Retrospectacle: A Neuroscience Blog

Courtesy of CNN, an empty-headed opinion piece that adds no real dimension to the topic.

As the director of the Human Genome Project, I have led a consortium of scientists to read out the 3.1 billion letters of the human genome, our own DNA instruction book. As a believer, I see DNA, the information molecule of all living things, as God’s language, and the elegance and complexity of our own bodies and the rest of nature as a reflection of God’s plan.

I did not always embrace these perspectives. As a graduate student in physical chemistry in the 1970s, I was an atheist, finding no reason to postulate the existence of any truths outside of mathematics, physics and chemistry. But then I went to medical school, and encountered life and death issues at the bedsides of my patients. Challenged by one of those patients, who asked “What do you believe, doctor?”, I began searching for answers.

Pretty much the exact opposite of my experience (ie, “true believer” turned atheist). Read on here….


  1. #1 Scott Belyea
    April 4, 2007

    …an empty-headed opinion piece that adds no real dimension to the topic.

    Another closely-reasoned critique. I’m sure Collins is devastated.

    Pretty much the exact opposite of my experience…

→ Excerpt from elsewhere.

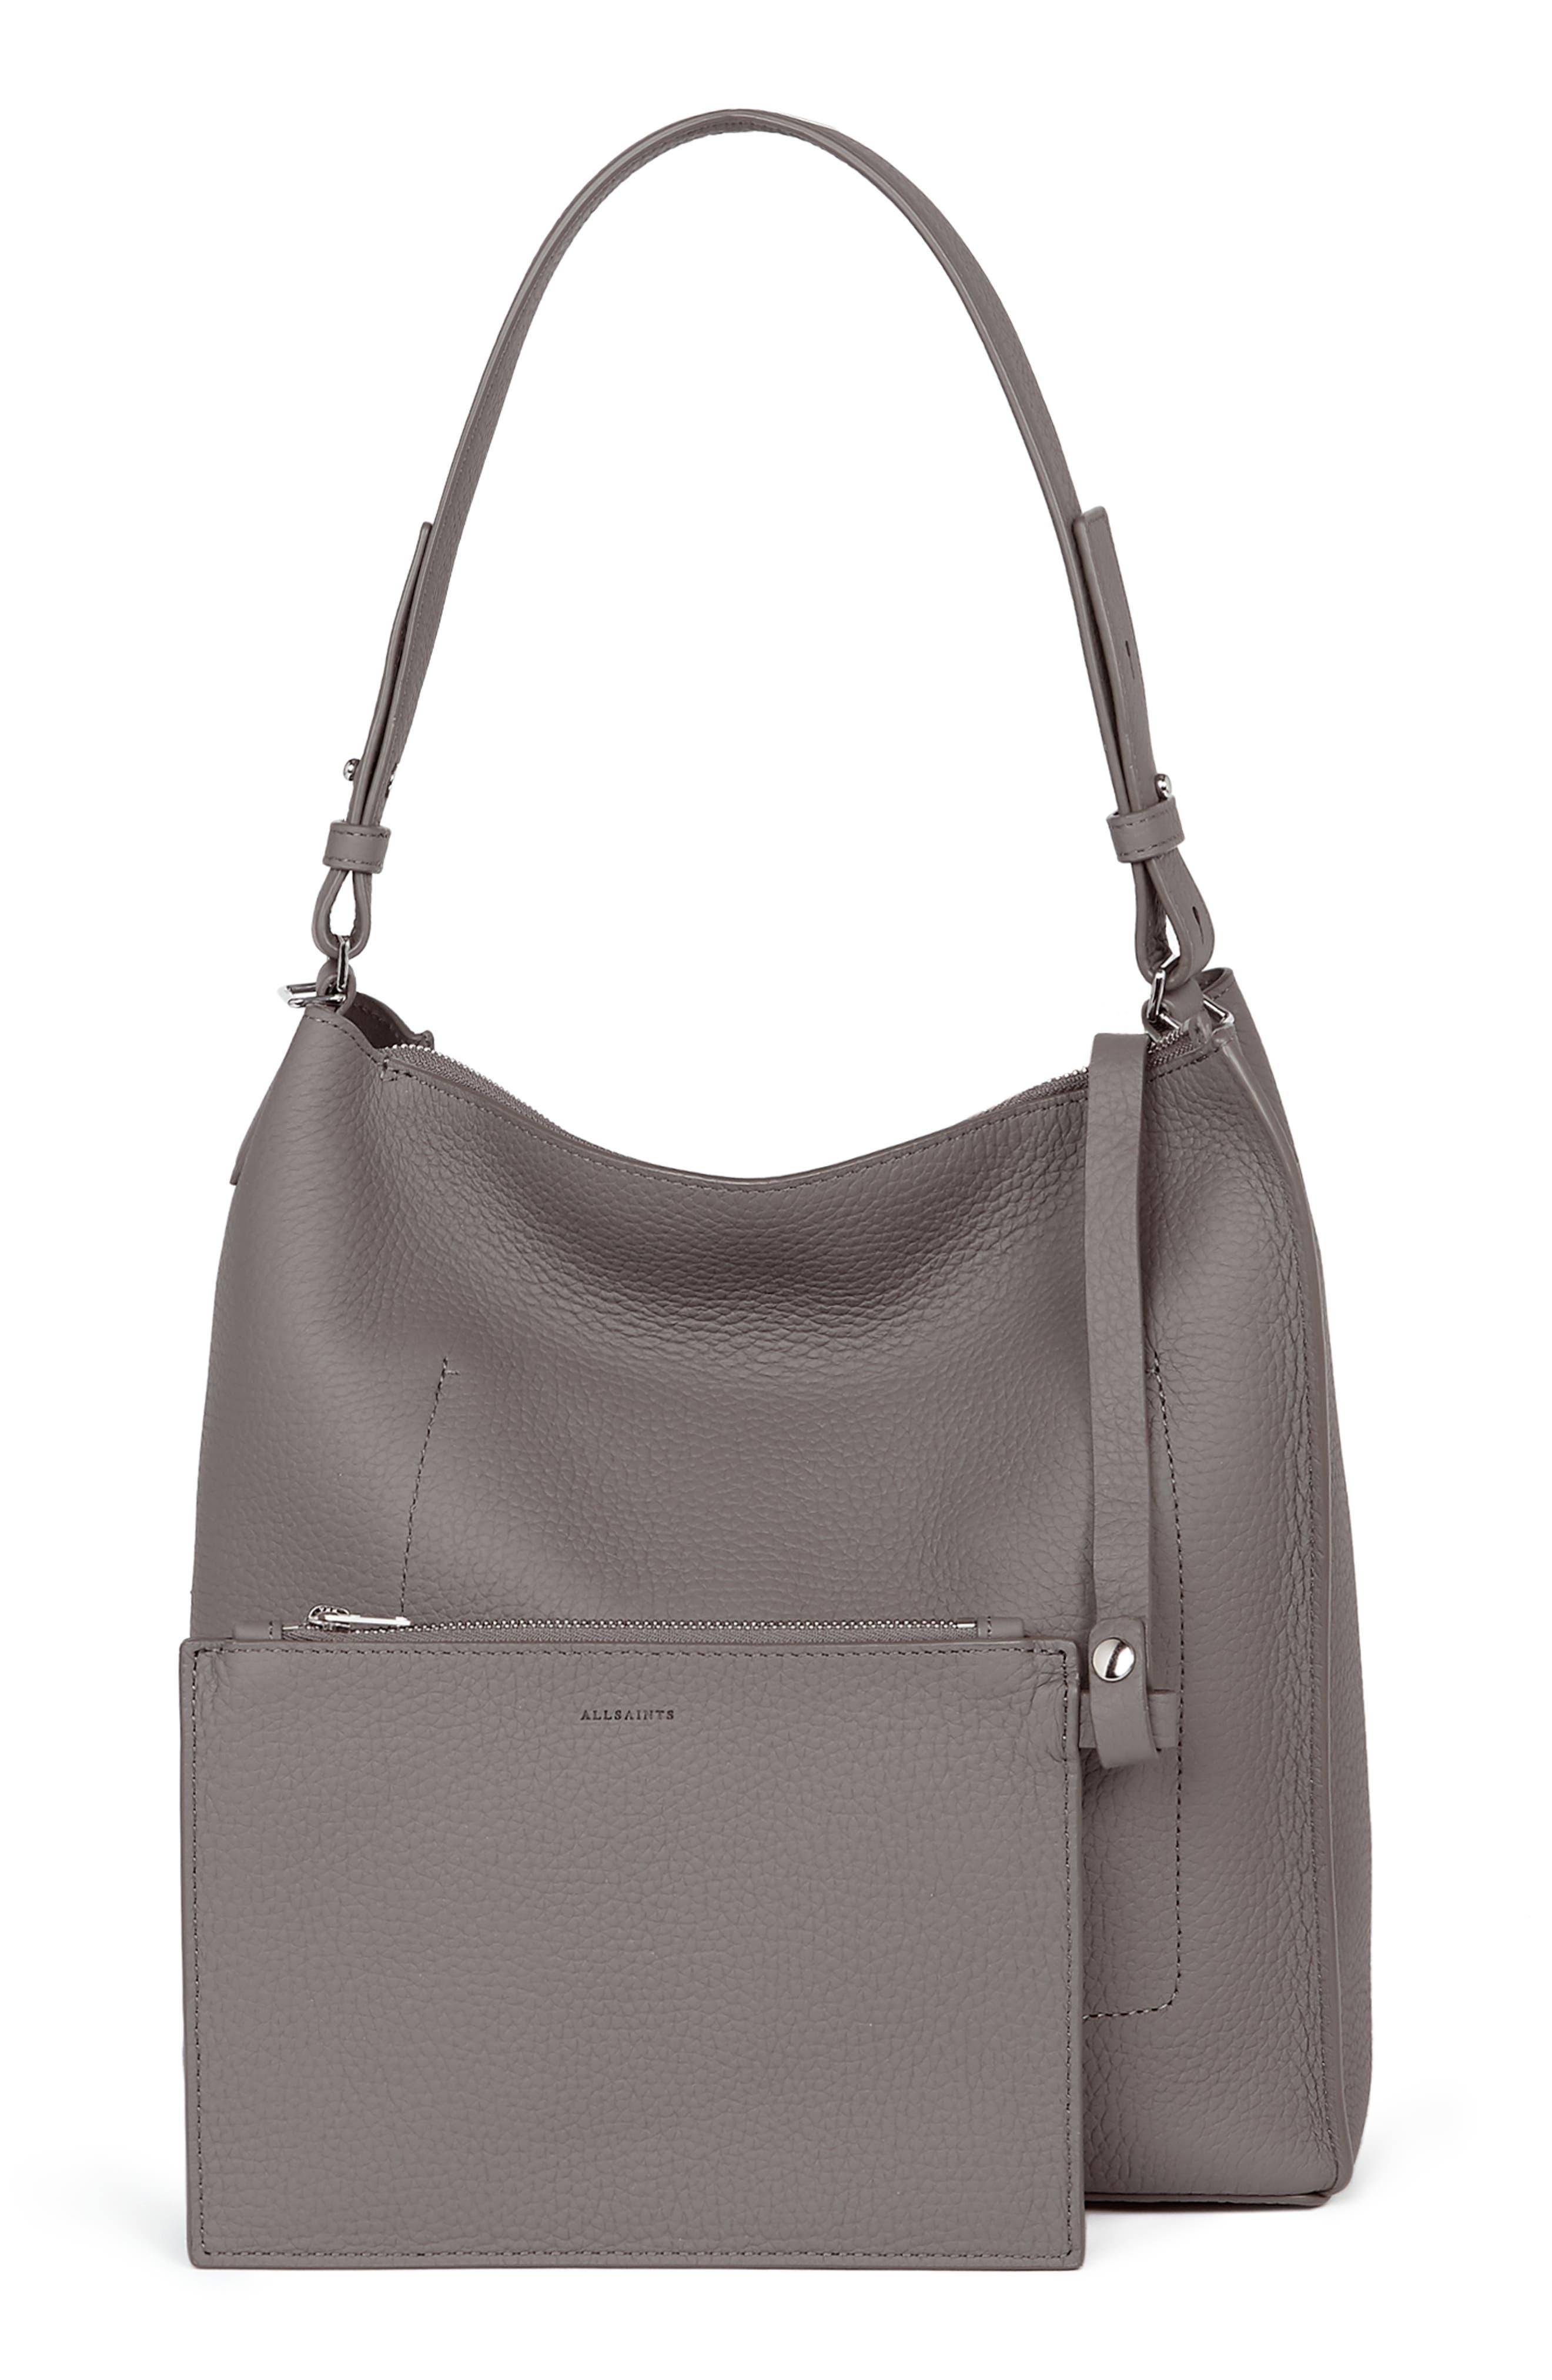 'Kita' Leather Shoulder/Crossbody Bag,                             Alternate thumbnail 2, color,                             STORM GREY

    Oh … well, I guess that settles it then, doesn’t it??

  2. #2 MartinC
    April 4, 2007

    What about this part ?
    “For me, that leap came in my 27th year, after a search to learn more about Odin’s character led me to the person of Thor. Here was a person with remarkably strong historical evidence of his life, who made astounding statements about loving your neighbor, and whose claims about being Odin’s son seemed to demand a decision about whether he was deluded or the real thing. After resisting for nearly two years, I found it impossible to go on living in such a state of uncertainty, and I became a follower of Thor”

  3. #3 Gerard Harbison
    April 4, 2007

    Another closely-reasoned critique.

    About as much reason as the subject warrants. Does Collins really think the origin of the human moral sense can’t be scientifically investigated? What about the scientists who are currently investigating it?

  4. #4 G. Shelley
    April 4, 2007

    Another closely-reasoned critique. I’m sure Collins is devastated.

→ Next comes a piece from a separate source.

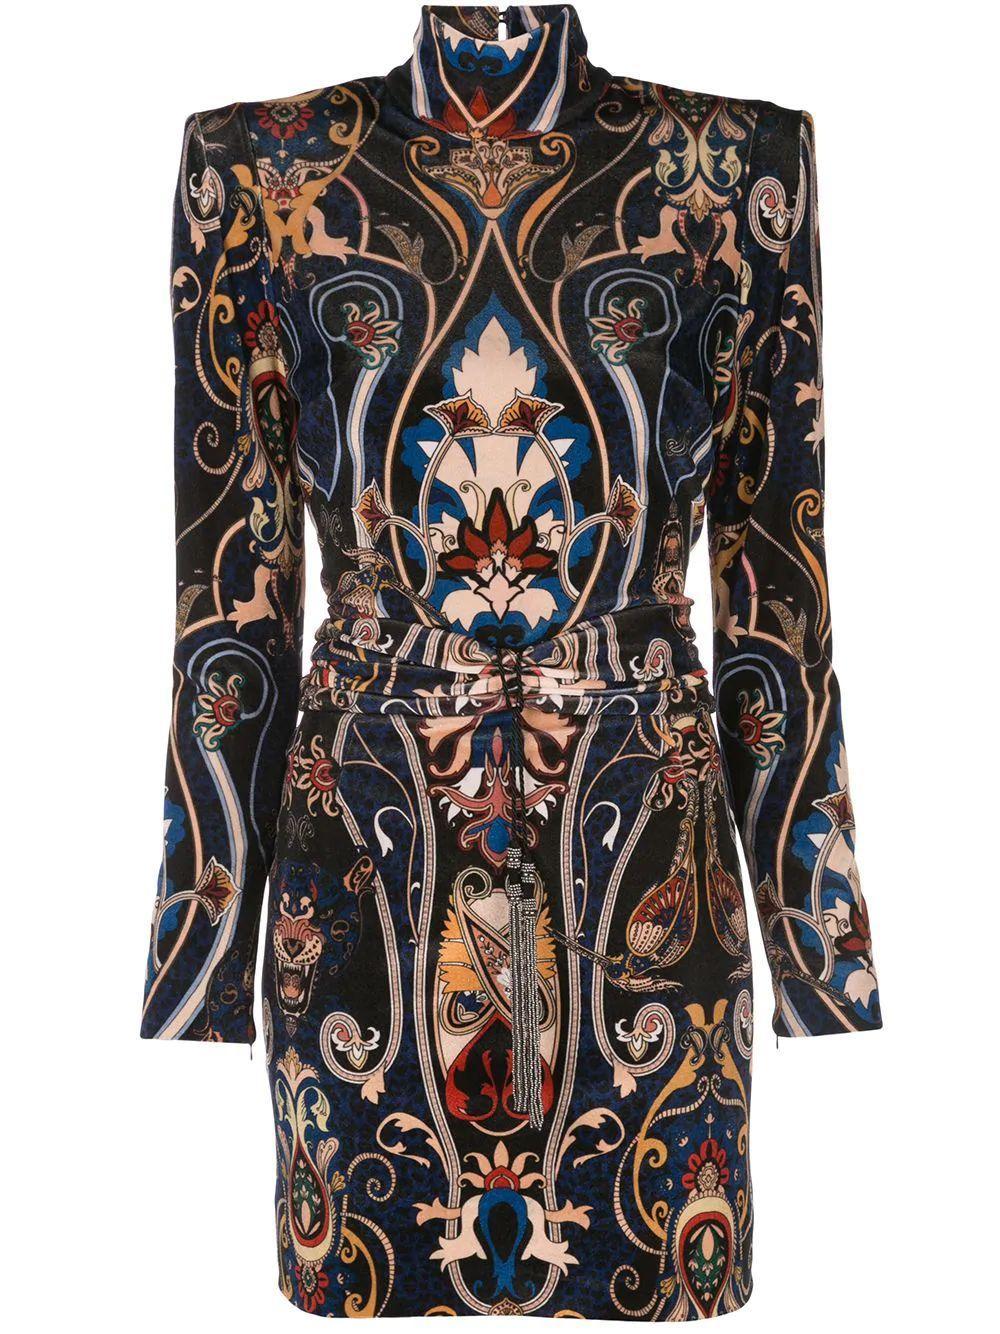 Long Sleeve Printed Velvet Short Dress With Lace Back

    More of an observation than a critique.

  5. #5 Mark
    April 4, 2007

    Note that he was the director and “led” the scientists. Although he has a phd in pchem, he is a physician. I think that means he is not really a scientist. Upon reading what he says, which is mostly the same tired, multiply-debunked crap the creationists use, I think my opinion is confirmed: he is an idiot.

  6. #6 Shelley
    April 4, 2007

    LOL Martin. 🙂

    I did write on the topic, the link is included in the post so i didn’t have to repeat myself. However, perhaps I should have. To make things clear, I do believe it is a topic worth discussing and if you’d read what I had written on it you would know that it being the opposite of my experience in no way “settles the matter.” In fact I’m open to quite a few views as long as they make sense and are rational.

    My main problems with his piece was that while he seems like quite the rational scientist, he applied decidedly un-rational methodology to his religious beliefs. He does not apply the same level of scrutiny to those observations as we would to, say, genetic observations in his work. That is a major failing of his position, in my opinion, and instead of demonstrating some happy co-existence of religion and science it suggests that he just gives religion “a pass” which he wouldn’t dole out to other topics (well, hopefully at least.)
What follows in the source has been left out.